As an application example of this high-pressure and multi-frequency ESR system, we show the results on a single crystal of SrCu₂(BO₃)₂. This compound is well known as the real material to realize the Shastry-Sutherland model. It has attracted much attention since its discovery and it has still showed us very interesting phenomena. For instance, the novel pressure-induced phenomenon has been reported recently [5]. SrCu₂(BO₃)₂ has the singlet ground state and the first excited triplet states as is schematically shown in the inset of Fig. 3. The magnetic susceptibility measurements under pressure suggested that the gap energy between the singlet state and the triplet states is suppressed by applying the pressure [6] and our previous high-pressure ESR measurements up to around 1 GPa proved this suppression by the pressure directly [7]. Recently, Haravifard et al. [5] suggested the complete collapse of the gap around 2 GPa and they also suggested the existence of a new phase above this pressure. Therefore, the direct observation of the pressure dependence of the gap energy and the pressure-induced novel phase is desired.

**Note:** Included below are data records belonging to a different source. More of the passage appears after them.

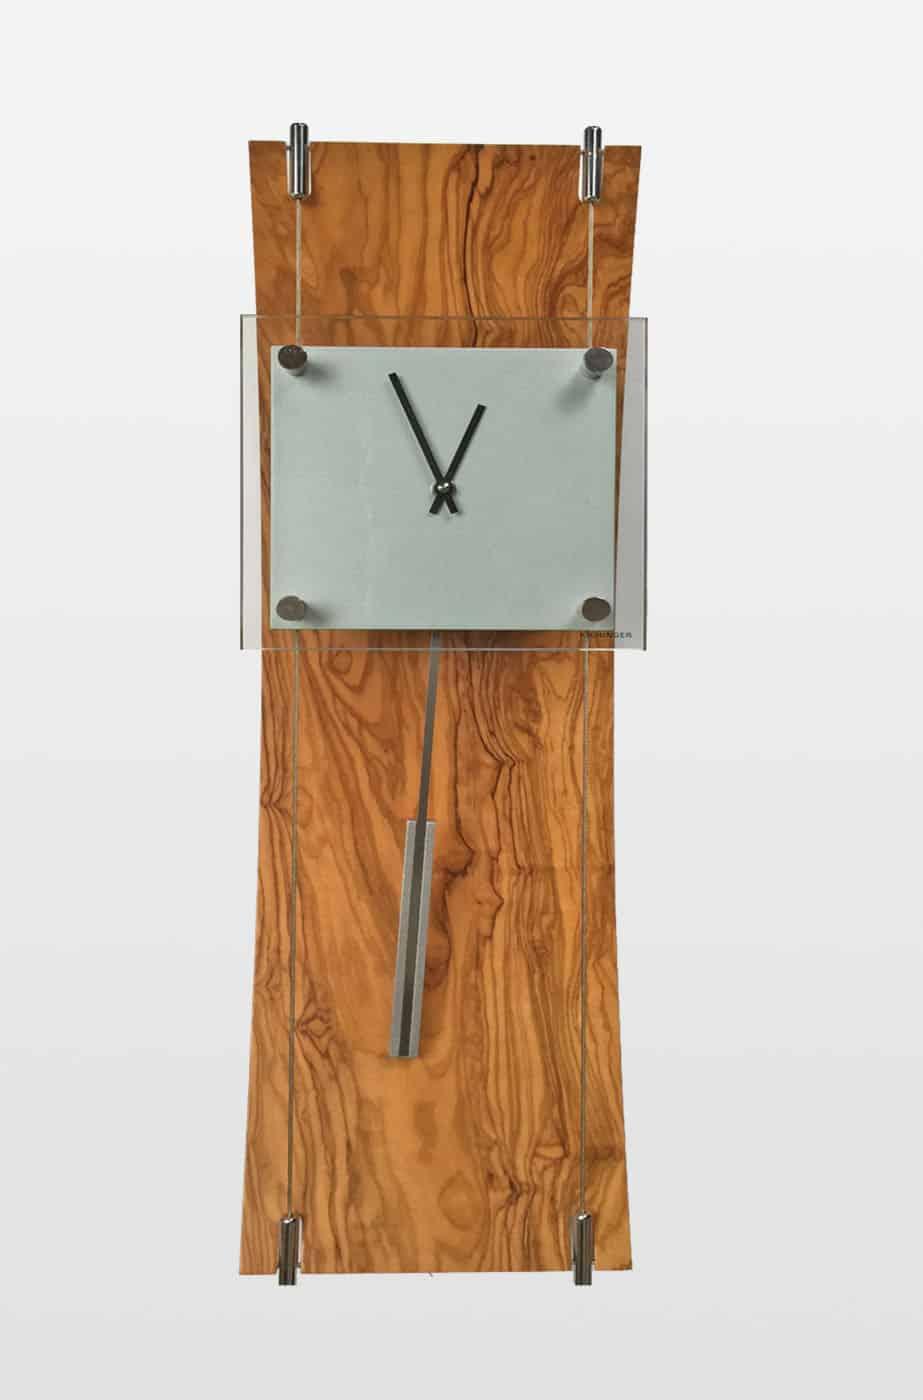 K Clock Contemporary Wall Clock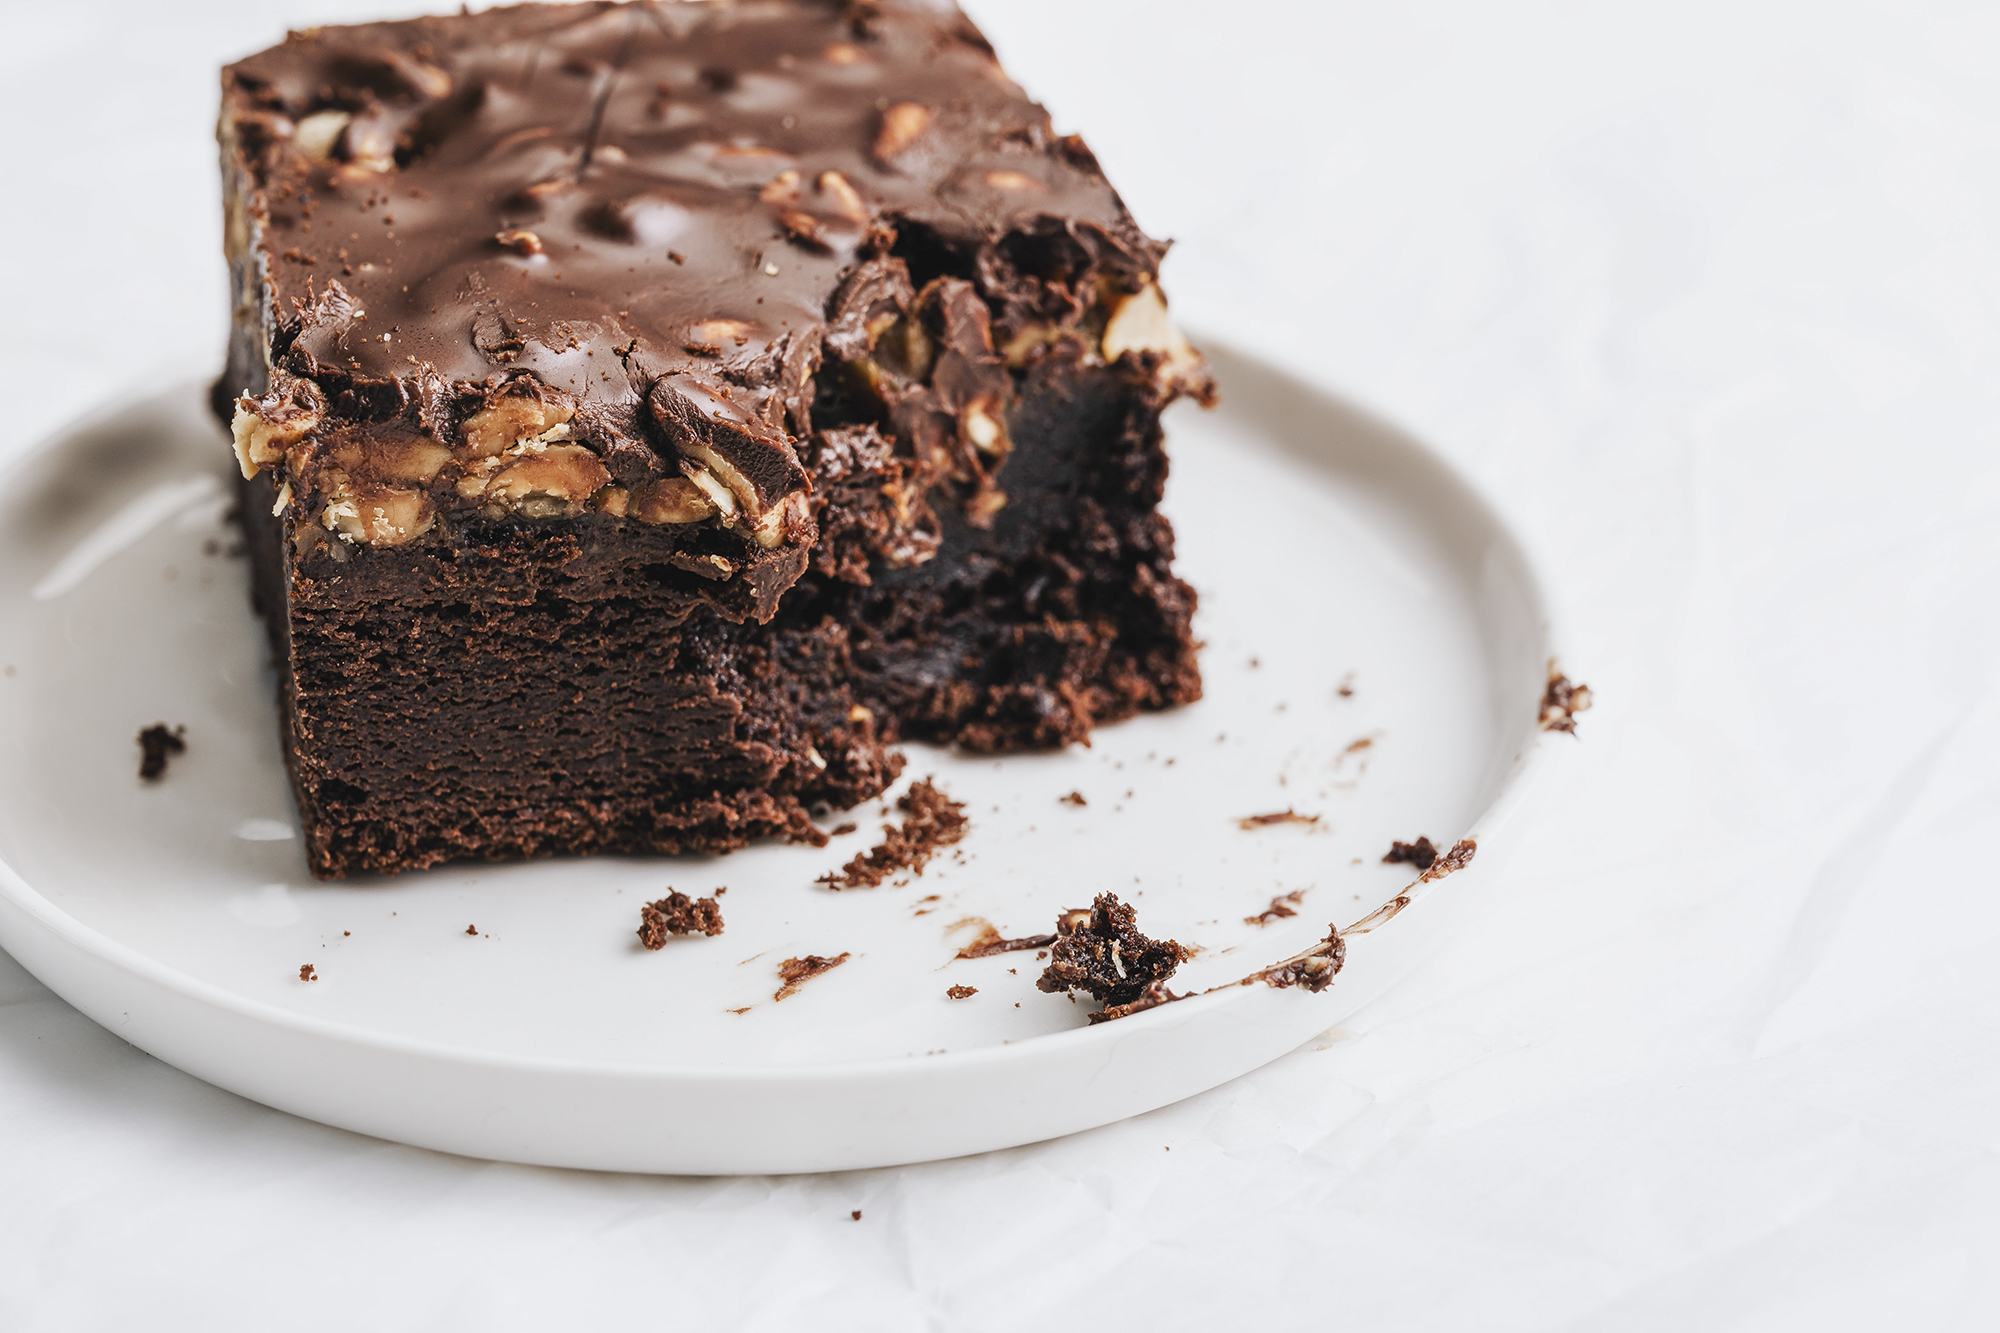 Çikolata ve Special Kek Yapım Teknikleri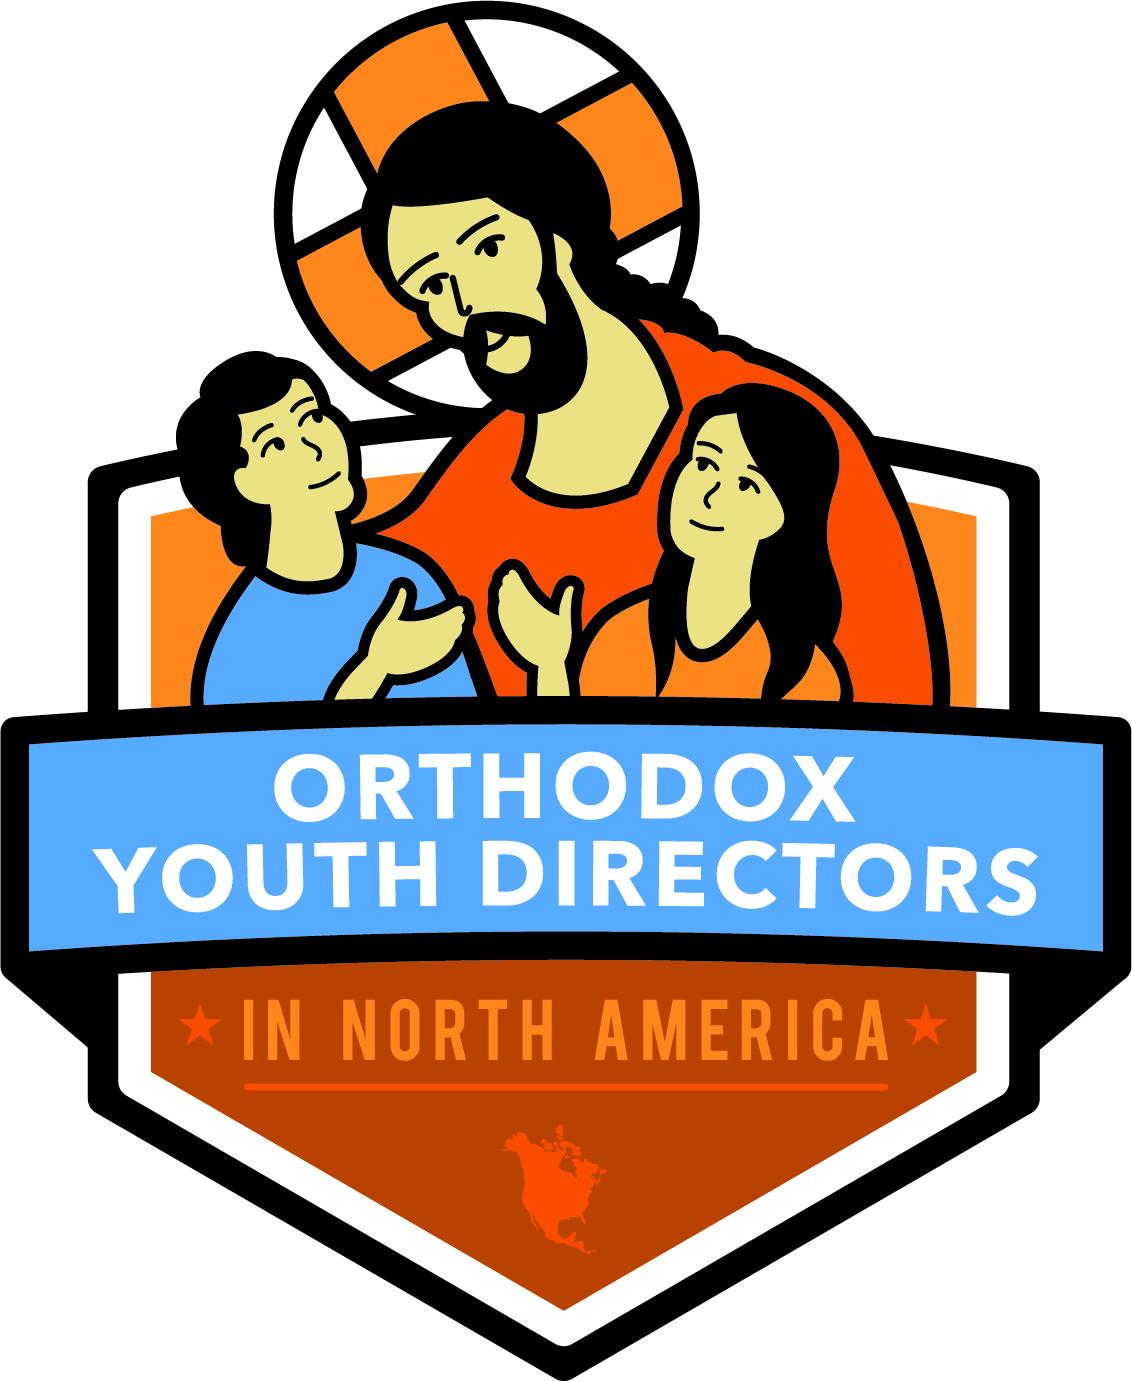 Orthodox Youth Directors in North America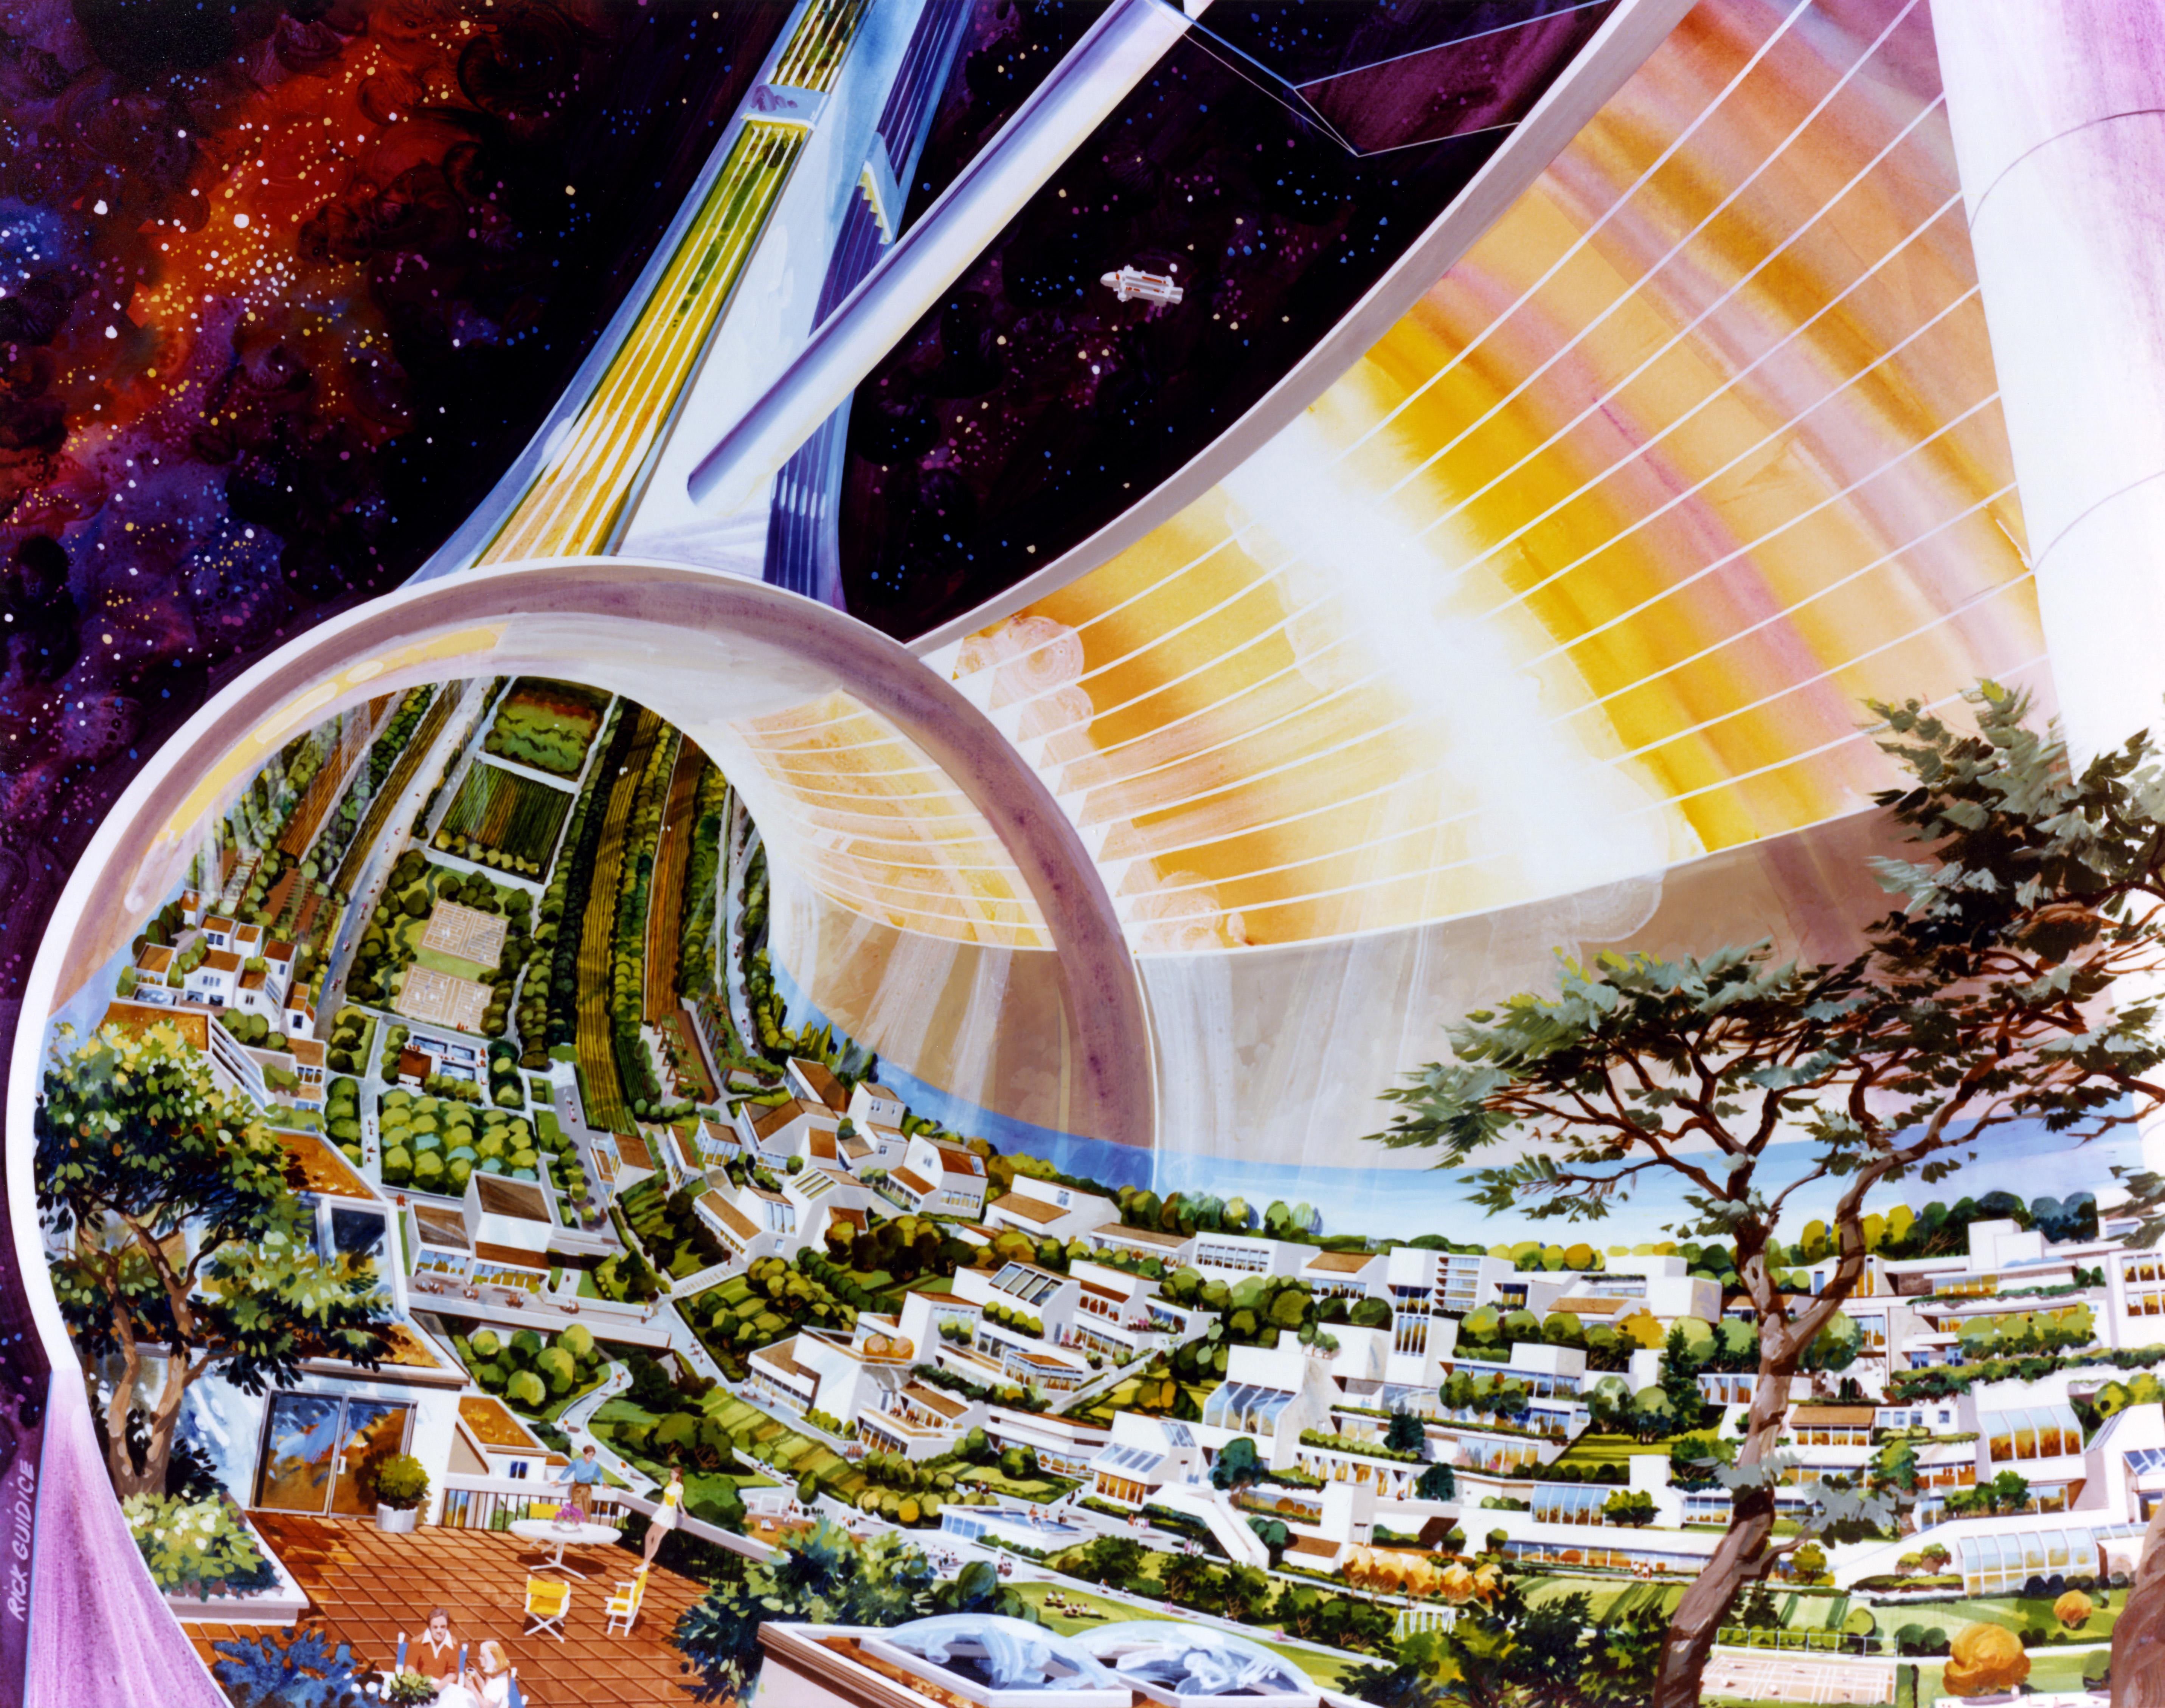 NASA Toroidal Colonies

Figure 3 shows the frequency-field diagram of SrCu₂(BO₃)₂ for H\(\parallel\)a obtained at 2 K. The combination (c) in Table 1 was used for this ESR measurement. The pressure was estimated to be 1.51 GPa from the load at room temperature. Typical ESR spectra are also shown in Fig. 3 and the ESR signals are clearly seen. In addition to the simultaneous achievement of the pressure above 1.5 GPa and the frequency up to 700 GHz, the higher signal to noise ratio was obtained as compared with the previous study [7] because of the larger sample space and the lock-in detection for this system. These signals are identified as the ESR due to the transition from the singlet ground state to the triplet excited states, as is shown by the arrows in the inset. The lower ESR branch corresponds to the transition from the \(S = 0\) state to the \(S_{\mathrm{z}} = -1\) of the \(S = 1\) states, while the upper ESR branch corresponds to the transition to the \(S_{\mathrm{z}} = 1\) of the \(S = 1\) states. The dotted lines are the fitted results by the relation \(h\nu =\Delta \pm \sqrt{(2D)^{2}+(g\mu _{\mathrm{B}}H)^2}\), where \(\Delta\), \(h\), \(\nu\), \(D\), \(g\) and \(\mu _{\mathrm{B}}\) are the gap energy, the Planck constant, frequency, the Dzyaloshinskii–Moriya (DM) interaction, the \(g\) value, and the Bohr magneton [8]. The field dependence near zero field and the small gap between the upper and the lower branch at zero field are the characteristic points of this material unlike the simple four-level system shown in the inset of Fig. 3 [8]. The obtained data are fitted very well as shown in Fig. 3 and the gap energy and the DM interaction are obtained to be 479 and 22 GHz on average, respectively. The gap energy at ambient pressure was obtained to be 722 GHz [9] and it was reduced much by applying the pressure. However, we also found that the simple linear extrapolation to the zero gap energy from these two points exceeds 2 GPa and reaches 4.5 GPa. This fact strongly suggests that the gap energy remains open around 2 GPa. Further high-pressure ESR measurement is required and it is now under the planning to investigate more detailed pressure dependence of the gap energy and the DM interaction.

4 Summary

It was found that the ZrO₂-based ceramic has lower transmission but enough toughness, while the Al₂O₃ ceramic has lower toughness but higher transmittance for our pressure cell. We have performed the transmission measurements in the submillimeter wave region for several combinations of the inner parts made of these two ceramics. The attainable pressures for these combinations were also examined. We found an optimum combination which achieves both the transmission in the frequency region up to 700 GHz and the pressure region above 1.5 GPa. In the high-pressure ESR measurement using this combination, we succeeded in obtaining the gap energy of the Shastry-Sutherland model compound SrCu₂(BO₃)₂ directly at 1.5 GPa. This result also shows that our high-pressure and multi-frequency ESR system is a very powerful means to study quantum spin systems.